Feb 14, 2011 City Council Agenda – Valentine’s Day

It’s the lightest of agendas coming up this Monday in the Sullivan Chamber. The only items of interest I’ll note on this "Cambridge blogger’s website" are the following:

Communications #3. A communication was received from Peter Zak Valentine, regarding the Health Care Bill.

The text of Peter’s letter is included here for your entertainment – from the National Officer in Charge.

Order #3. That the City Manager is requested to designate an individual in his office or in the Cambridge Police Department for the specific purpose of providing information to the City Council and the community-at-large about incidents, be they of crimes, fires, or floods that occur in Cambridge on a timely basis.   Councillor Simmons and Councillor Cheung

Every few years after a criminal incident there’s an Order like this one to create another position or designate a person for this task. The problem, if there is a problem, is not in the lack of personnel. It’s a matter of whether the job is being done as it should be. Complicating things in the case of criminal incidents is that sometimes there are good reasons for not disseminating this information while the bad guys are still being sought.

Order #5. That the Mayor, the City Clerk and/or City Council’s committee on Government Operations and Rules plan a meeting of the City Council to go over the new changes of the Open Meeting Law.   Councillor Simmons

We all believe in open and transparent government, but the fact is that it is possible to have too much of a good thing. The additional record-keeping and prohibitions against a wide range of ordinary ways of communicating can be pretty stifling. There does come a point of diminishing returns in open government where the costs start to outweigh the benefits. Seriously, should every advisory committee with no actual regulatory authority have to adhere to the same rules as legislators? On the other hand, it wouldn’t be a bad idea to have all of the wheeling and dealing over zoning amendments more out in the open.

Order #6. That the City Manager address the problem of cars that have been left unshoveled for long periods of time causing problems for snow plows and difficulty parking.   Councillor Decker

Order #7. That the City Manager is requested to confer with the Department of Public Works to investigate designated spots near intersections for residents to move snow which would be picked up by DPW, snow melting machines and whether there are additional parks, parking lots or other public spaces that could be used to dump snow for this winter and in the future.   Councillor Cheung

Order #8. That the City Manager is requested to confer with the Director of Traffic, Parking and Transportation Department to report back with clarification on what the policy is regarding ticketing of cars who are parked more than three feet from the curb due to snowbanks.   Councillor Toomey

Snow, snow, and more snow. The DPW has done a great job under trying circumstances this winter. What a joy it is to see that the temperature may rise to 50° later this week. That said, a few warm days won’t solve all of the problems as noted in these Orders and we could use a few more visits from the trucks to help things along. It’s been really miserable for all who have to park on the streets of Cambridge. I haven’t moved my vehicle for weeks. There are some good ideas about how we can better deal with all the snow (and I do mean we – not just the men and women of DPW). In these days of social media that can help coordinate a revolution in Egypt, we can probably use the same tools to coordinate the allocation and/or removal of snow on the streets of Cambridge. Maybe not revolutionary, but still worth looking into.

Other notable items:

Les Barber, zoning mensch of the Community Development Department, enjoys his last day before retirement on Friday, Feb 25.

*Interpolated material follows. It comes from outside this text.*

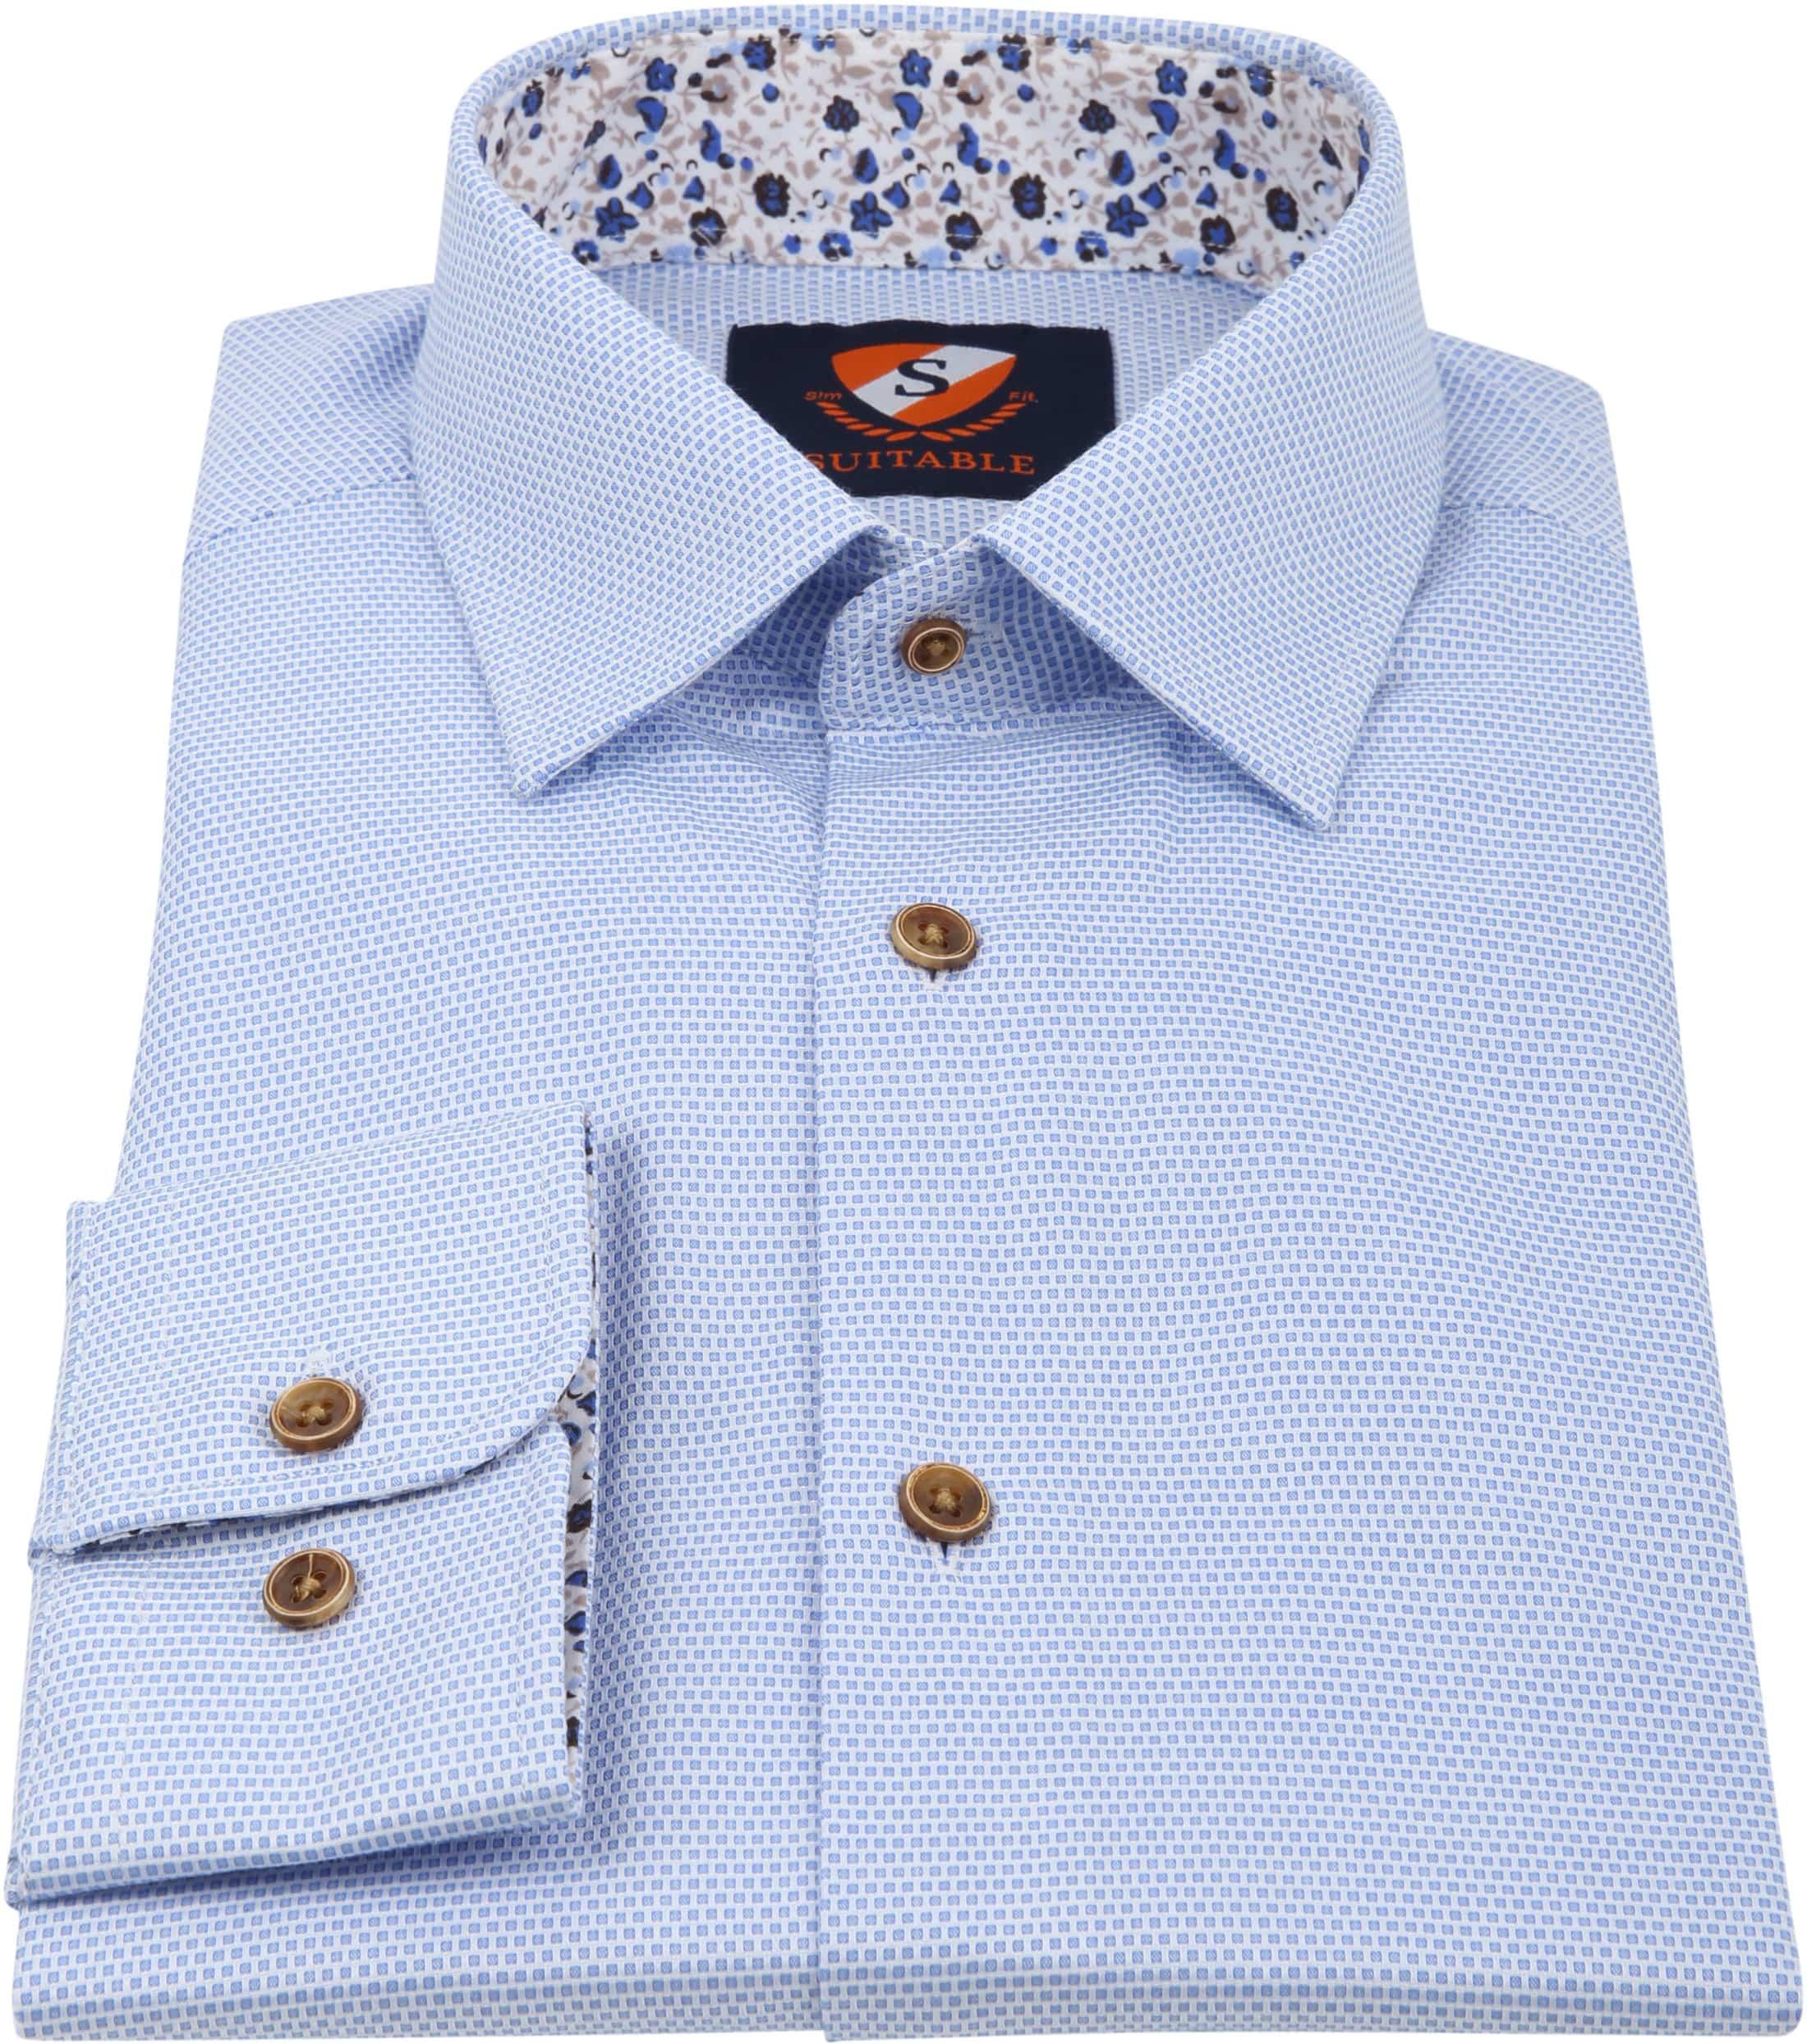 Suitable Overhemd HBD Lichtblauw Wesley foto 2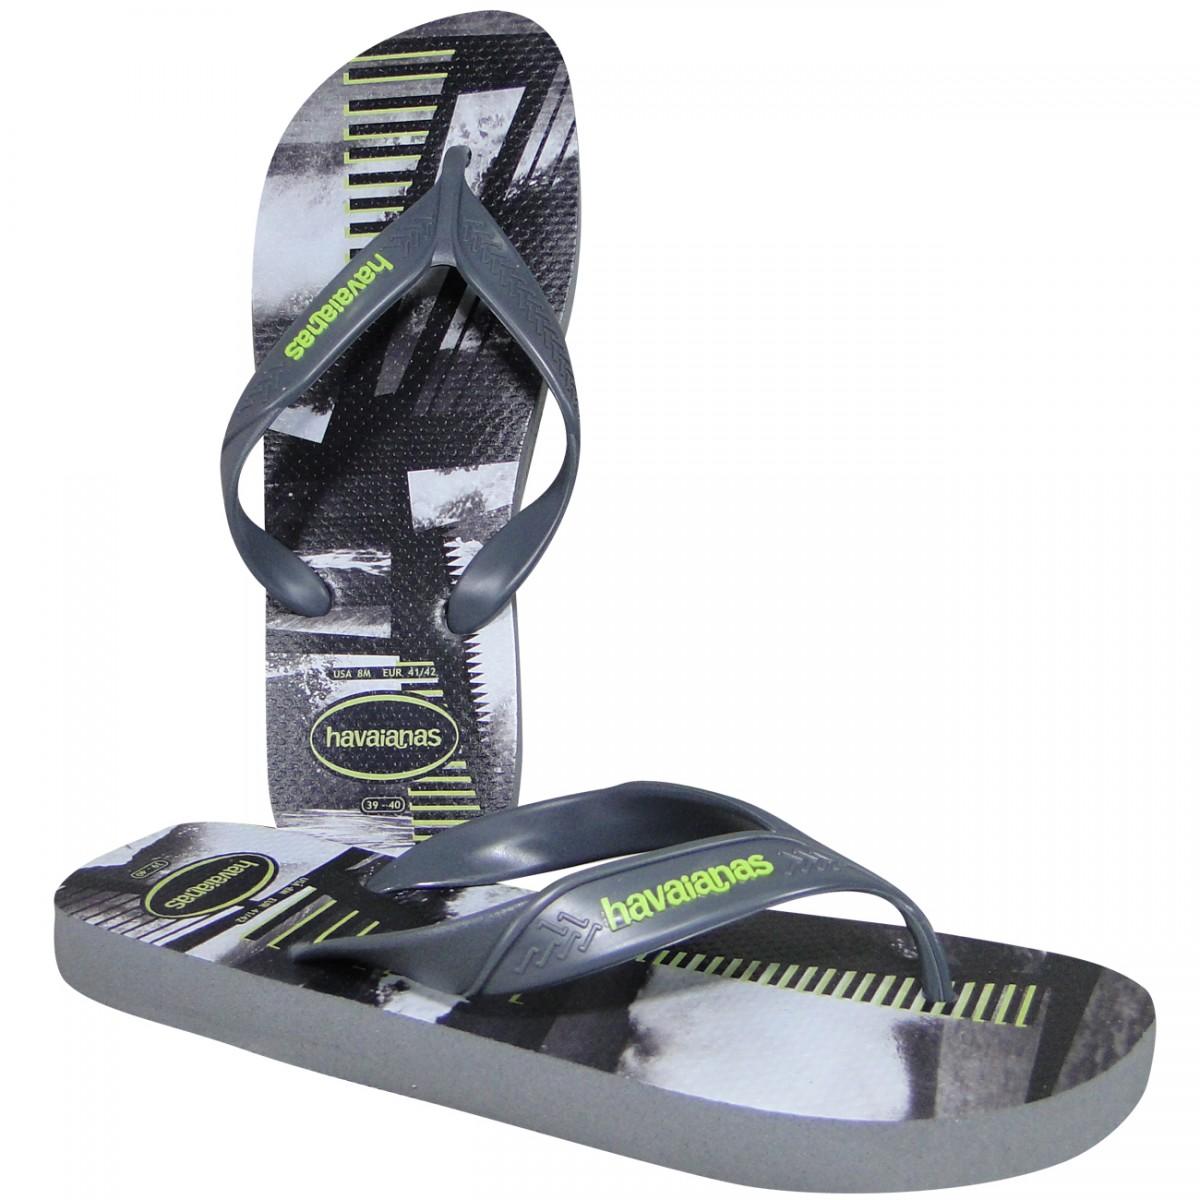 efccb0d4d7c876 Chinelo Havaianas Surf 4.000.047 5178 - Cinza Aço - Chuteira Nike ...

As was noted in a Late Order at the February 7 City Council meeting, former City Councillor Brian Murphy will soon take the reins as Assistant City Manager in charge of the Community Development Department. I met at length with Brian when he first ran for City Council. I suggested that he attend the Budget Hearings to learn more about City government and meet all the players in the City administration. Brian attended every one of those hearings. As a councillor, he then chaired the Finance Committee. He and David Maher were also the prime players among the elected officials in negotiating with Harvard in their major Riverside development a few years ago. You have to respect a guy who actually shows up and does his job, and I’m sure Brian will be a popular hands-on manager at Community Development.

Speaking of the Finance Committee, Councillor Decker initiated a series of Finance Committee hearings for early public input on the upcoming FY2012 Budget. The first hearing only had one public attendee, but the second meeting on Feb 12 had perhaps a dozen or more. Hopefully attendance will be better if this becomes the norm in the future. Those of us who attended were treated to a top-notch interactive presentation with Louis DePasquale, David Kale, and other people from the City Finance Department and the Budget Office. – Robert Winters

City Manager’s Budget Guidelines to City Department Heads (for upcoming FY2012 Budget)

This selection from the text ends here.